Produce some more data with the above CLI producer script, simulate additional data arriving to the kafka-1’s ‘test’ topic.
Wait at least 2 minutes to make sure that the periodic consumer group offset replication between kafka-1 and kafka-2 takes place. This ensures that the consumers that will be attached to kafka-2 as part of the same consumer group will be able to continue processing data, where they have left off on kafka-1 before their operation got stopped.
Start a consumer client pointed to kafka-2’s replicated topic, using the same consumer group name as previously used on kafka-1.

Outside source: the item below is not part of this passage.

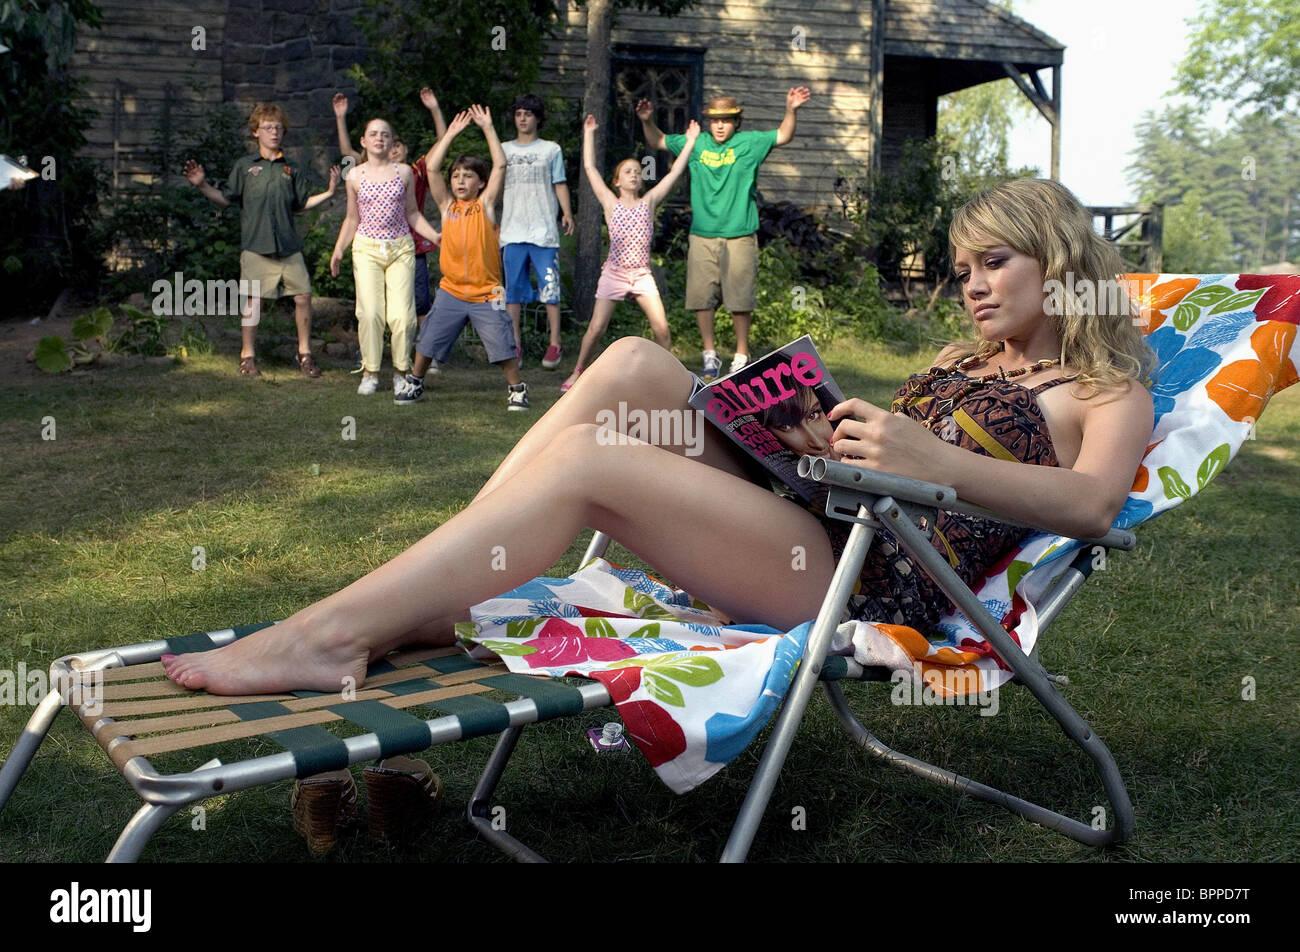 HILARY DUFF CHEAPER BY THE DOZEN 2 (2005) - Stock Image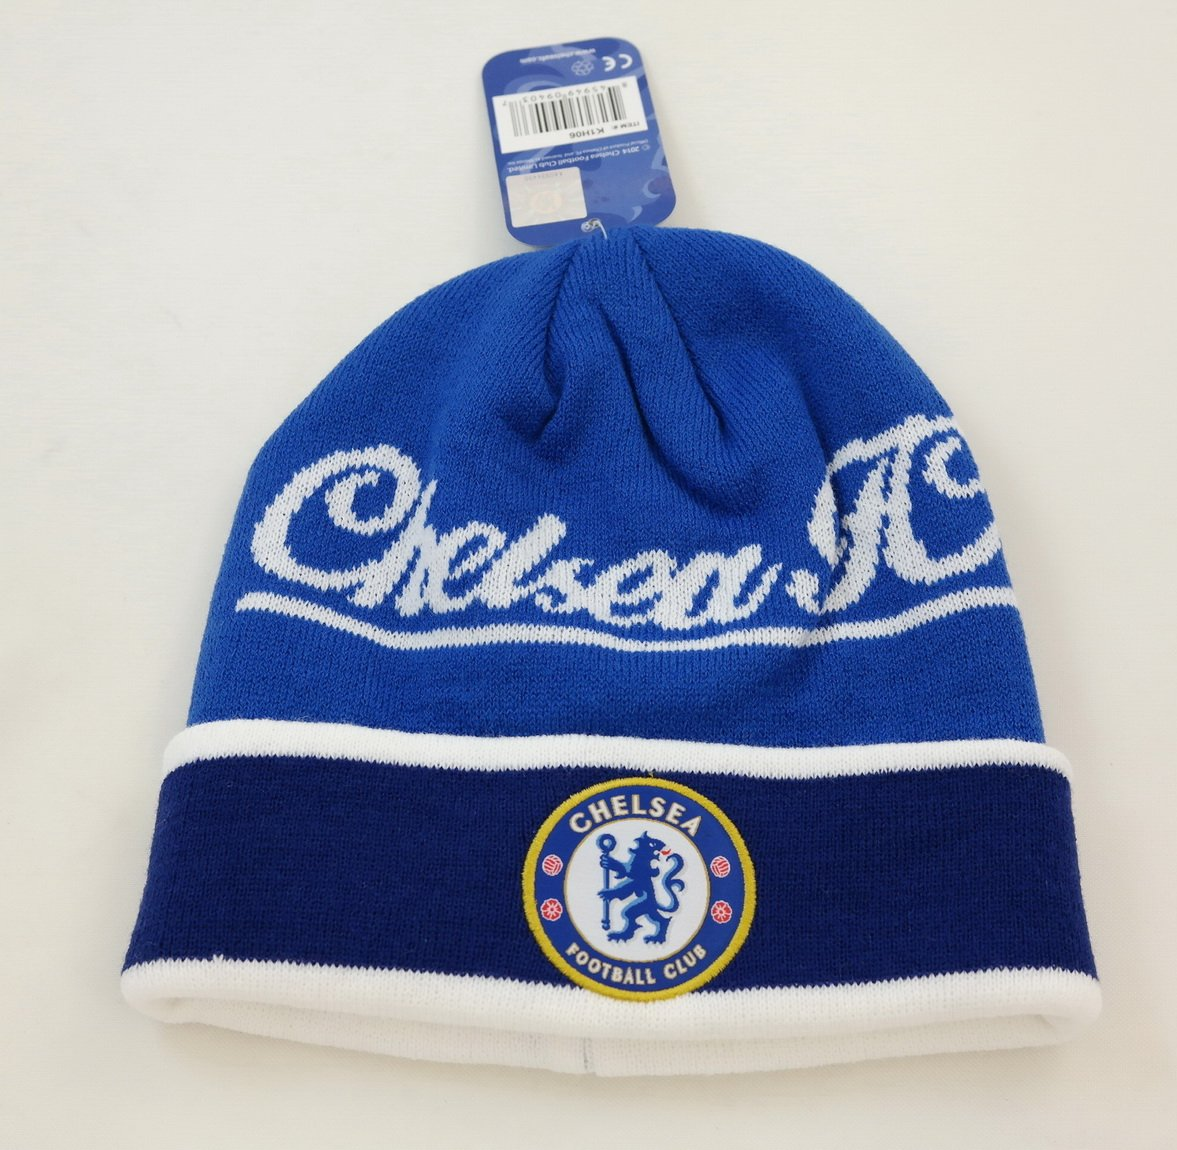 fb1d536576b Get Quotations · CHELSEA FC OFFICIAL SOCCER BEANIE KNIT FOOTBALL CLUB HAT  CAP

docker compose exec -it kafka2 //bin/sh -c '/opt/kafka/bin/kafka-console-consumer.sh --bootstrap-server localhost:9092 --whitelist "^(kafka-1\\.)?test$" --consumer.config /opt/kafka/config/client.properties --property "print.timestamp=true" --property "print.key=true" --property "key.separator=:" --property "print.partition=true" --property "print.offset=true" --group my-cg'
On the console you will see only the new data, and not the data that has already been consumed by the client when it was consuming from kafka-1.
Conclusion
In this article, we have established the foundational concepts and practical implementation of replicating Kafka topics between clusters using Kafka Connect and MirrorMaker 2. By leveraging a comprehensive prototype setup with Docker Compose, we demonstrated the configuration and deployment of two Kafka single-node instances, a Kafka Connect instance with MM2 connector configuration, and a Kafka-UI for administration and monitoring.
MM2's capabilities, including topic offset replication, consumer offset synchronization, and flexible deployment options, were thoroughly explored. We discussed the use of MirrorSourceConnector, MirrorCheckpointConnector, and MirrorHeartbeatConnector for effective data replication and monitoring between Kafka clusters. Additionally, the article highlighted the importance of consumer offset synchronization to ensure consistent data consumption across replicated clusters.
Practical guidance provided on configuring and testing MM2, with the emphasis on topic and consumer group offsets replication. This article serves as a guide for System Architects and DevOps engineers looking to implement Kafka data replication solutions using MirrorMaker 2.